RECORD EXTRACTS =>
_ _ _ _ _ _ _
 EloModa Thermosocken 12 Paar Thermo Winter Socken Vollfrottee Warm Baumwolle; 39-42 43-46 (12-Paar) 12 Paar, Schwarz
_ _ _ _ _ _ _
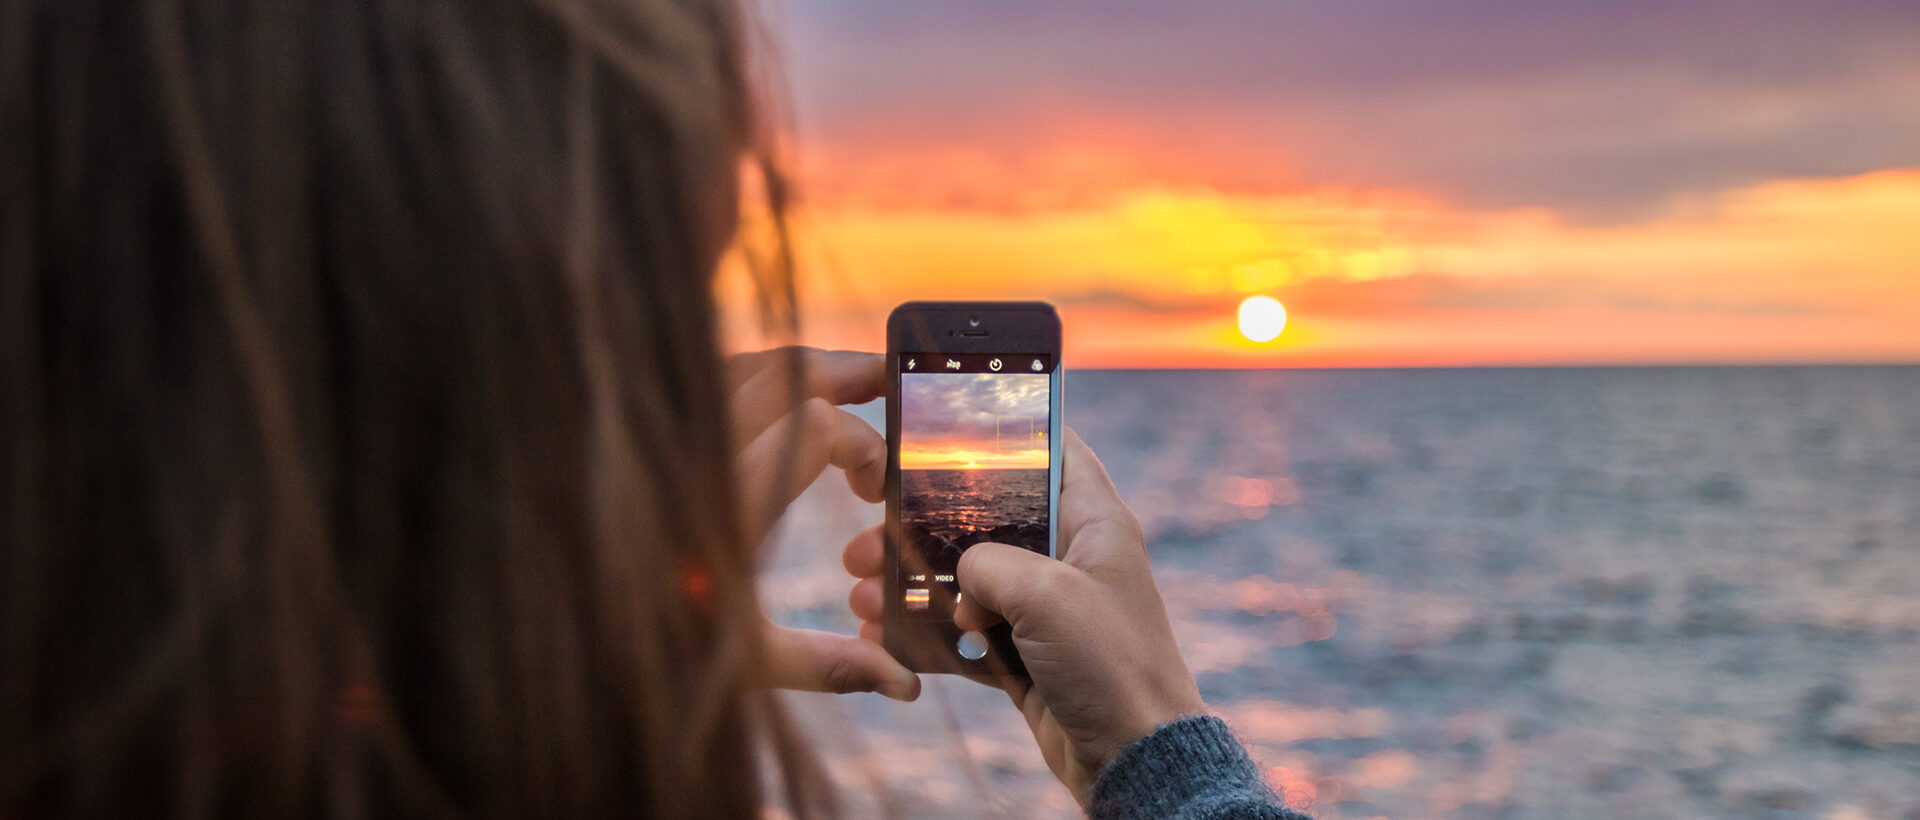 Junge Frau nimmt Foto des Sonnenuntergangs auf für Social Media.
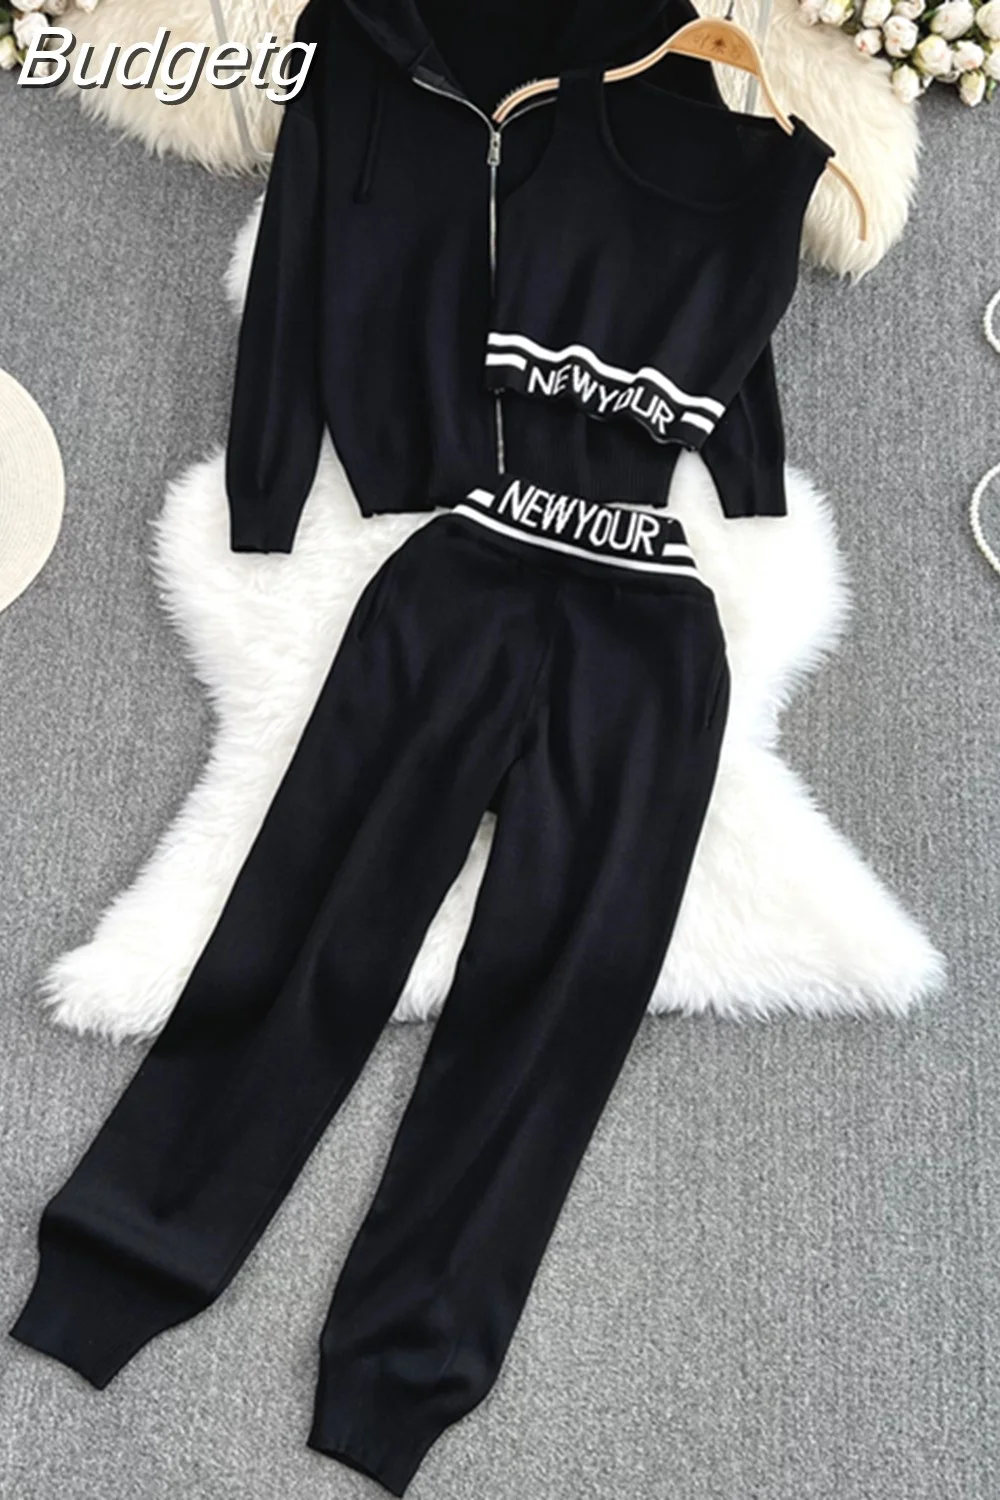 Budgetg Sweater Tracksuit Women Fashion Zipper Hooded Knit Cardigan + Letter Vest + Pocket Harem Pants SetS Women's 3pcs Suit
_ _ _ _ _ _ _
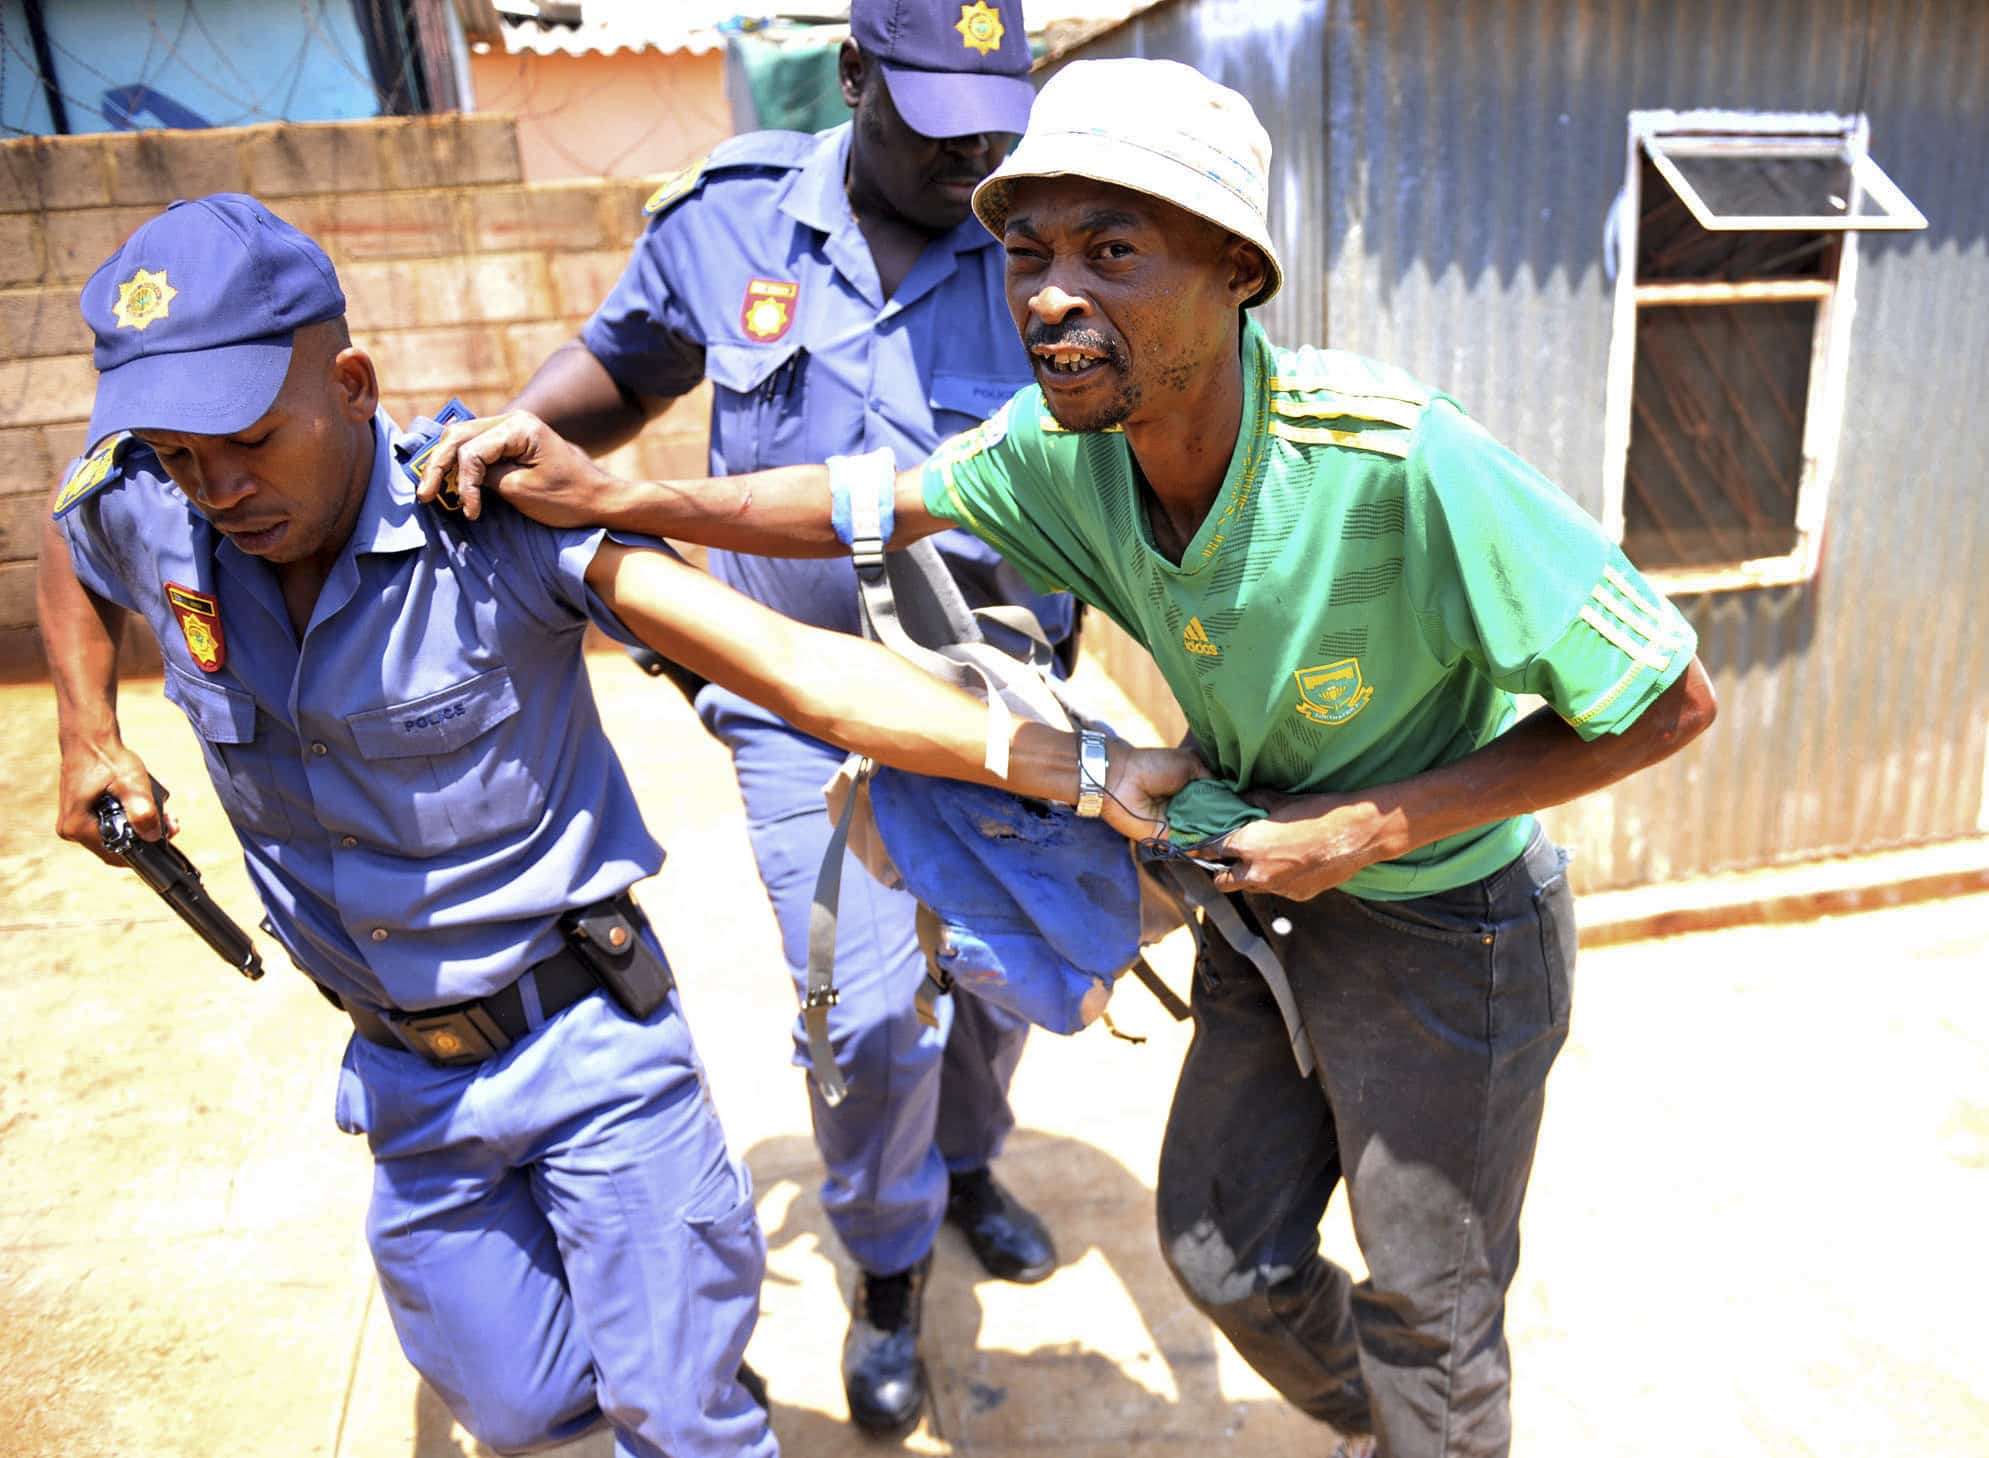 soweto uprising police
_ _ _ _ _ _ _
PROBLEM TO WORK ON => Above are the records. Copy word for word only their lines from the one holding "Junge Frau nimmt" through the one holding "Budgetg Sweater Tracksuit", both included, and skip the images.

EXERCISE ANSWER =>
 Junge Frau nimmt Foto des Sonnenuntergangs auf für Social Media.
 Budgetg Sweater Tracksuit Women Fashion Zipper Hooded Knit Cardigan + Letter Vest + Pocket Harem Pants SetS Women's 3pcs Suit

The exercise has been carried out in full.